A Southampton village and town justice has gone from the bench to the defendant's seat in a multimillion-dollar defamation lawsuit filed by her neighbor.
Barbara L. Wilson faces a July 15 date to answer the $2.2 million suit filed by Anthony Gugliotta, a luxury home builder whom Wilson publicly accused of installing a security camera aimed at her teenage daughter's bedroom window.
The lawsuit was filed May 27 in state Supreme Court in Suffolk County. It alleges that Wilson defamed Gugliotta during a televised April 13 public hearing of the Southampton Village Board of Historic Preservation and Architectural Review.
"Her statements were calculated to give the false impression that Mr. Gugliotta is a pedophile," Gugliotta's attorney, Melville-based Anton J. Borovina, said in a telephone interview. Gugliotta, owner of Sayville-based TS Construction, constructs homes in the Hamptons.

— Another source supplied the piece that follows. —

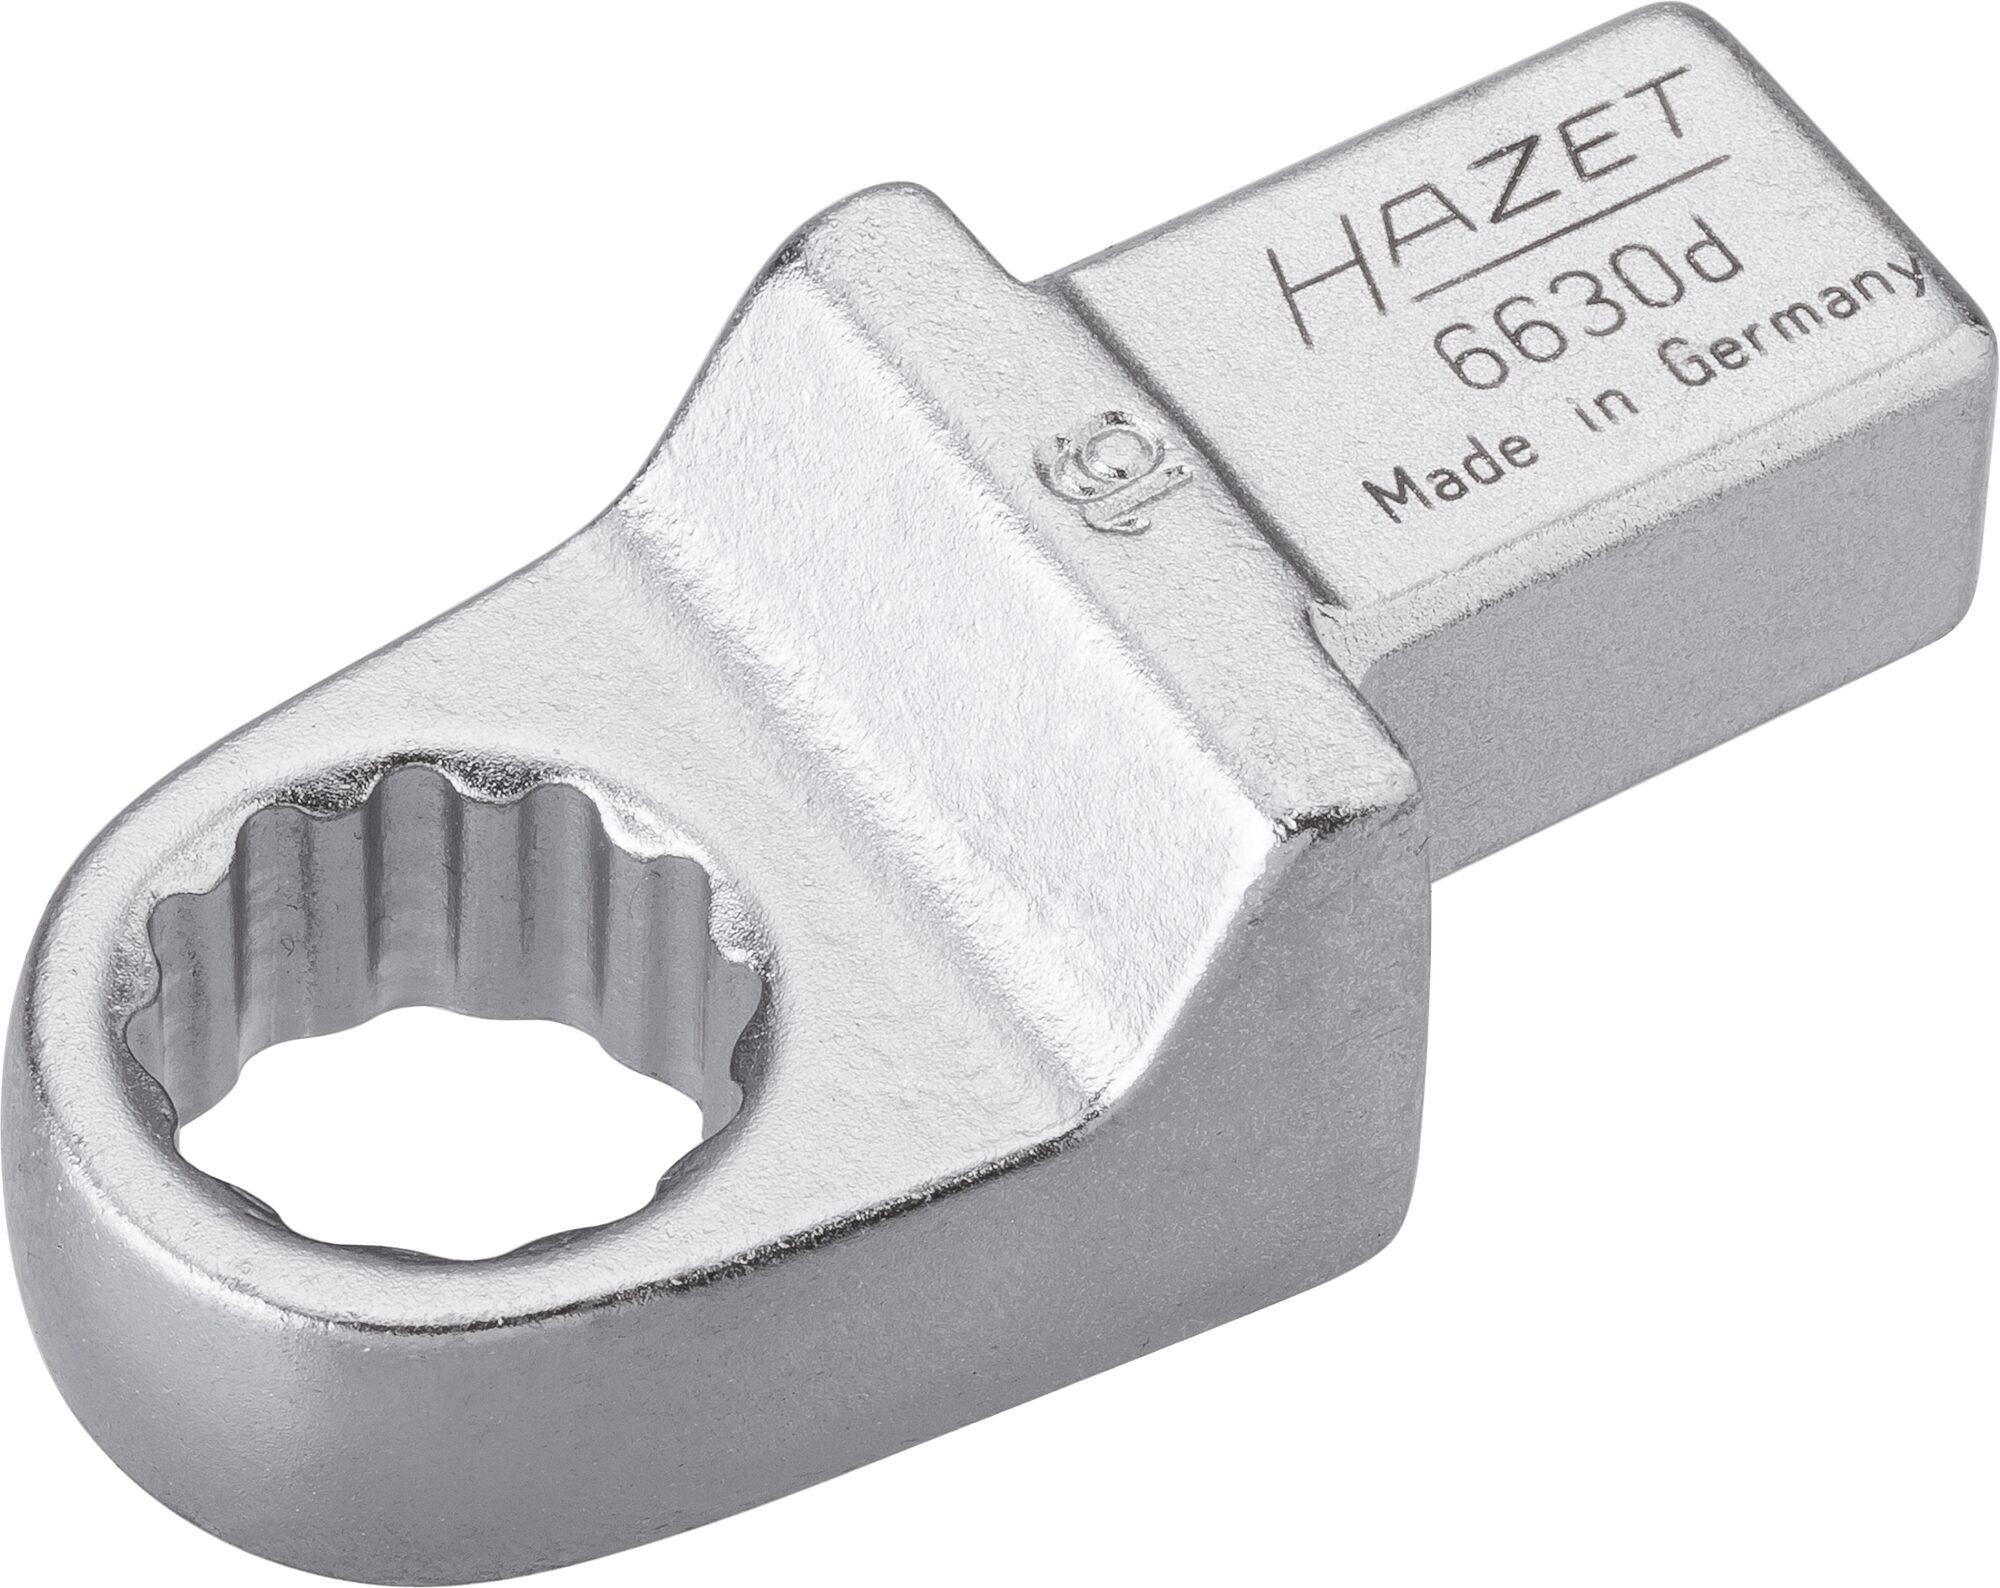 HAZET Einsteck-Ringschlüssel 6630D-16 · Einsteck-Vierkant 14 x 18 mm · Außen Doppel-Sechskant-Tractionsprofil · 16 mm

Both Gugliotta and Wilson were prohibited by their attorneys from being interviewed. Wilson's Amagansett-based attorney, Brian Lester, declined to address details of the case.

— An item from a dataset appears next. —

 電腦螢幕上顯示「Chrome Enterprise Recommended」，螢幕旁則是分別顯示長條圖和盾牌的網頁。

"At this point we're going to answer it in the proper fashion in the courts," Lester said.
Wilson attended the April hearing to discuss her application to build an exterior staircase on her Elm Street home, and Gugliotta was among three residents who objected.
According to the lawsuit, in a statement "not relevant or material to the proceedings," Wilson spoke of the plaintiff when she said: "It is just when people bring up my daughter, it gets a little upsetting to me. Especially when grown men want to look at little girls."
The lawsuit adds that after the hearing, Wilson looked directly at Gugliotta and warned him to stay away from her daughter.
Borovina said Wilson exercised bad judgment and made her accusations to intimidate Gugliotta and others who oppose her staircase plan.
The camera was installed in 2013 when Wilson and Gugliotta were embroiled in a property line battle involving their shared driveway and he wanted to gather evidence, Borovina said. Wilson chained her pickup truck to a column in front of her home after Gugliotta threatened to tow it away because part of her driveway was on his property.
As part of a settlement reached that year, Gugliotta gave Wilson easement rights that allowed her to park on part of his property, and at Wilson's request he agreed that the camera would not be pointed at any of Wilson's living areas. After the settlement, Borovina said his client turned off the camera, though it remains attached to his house.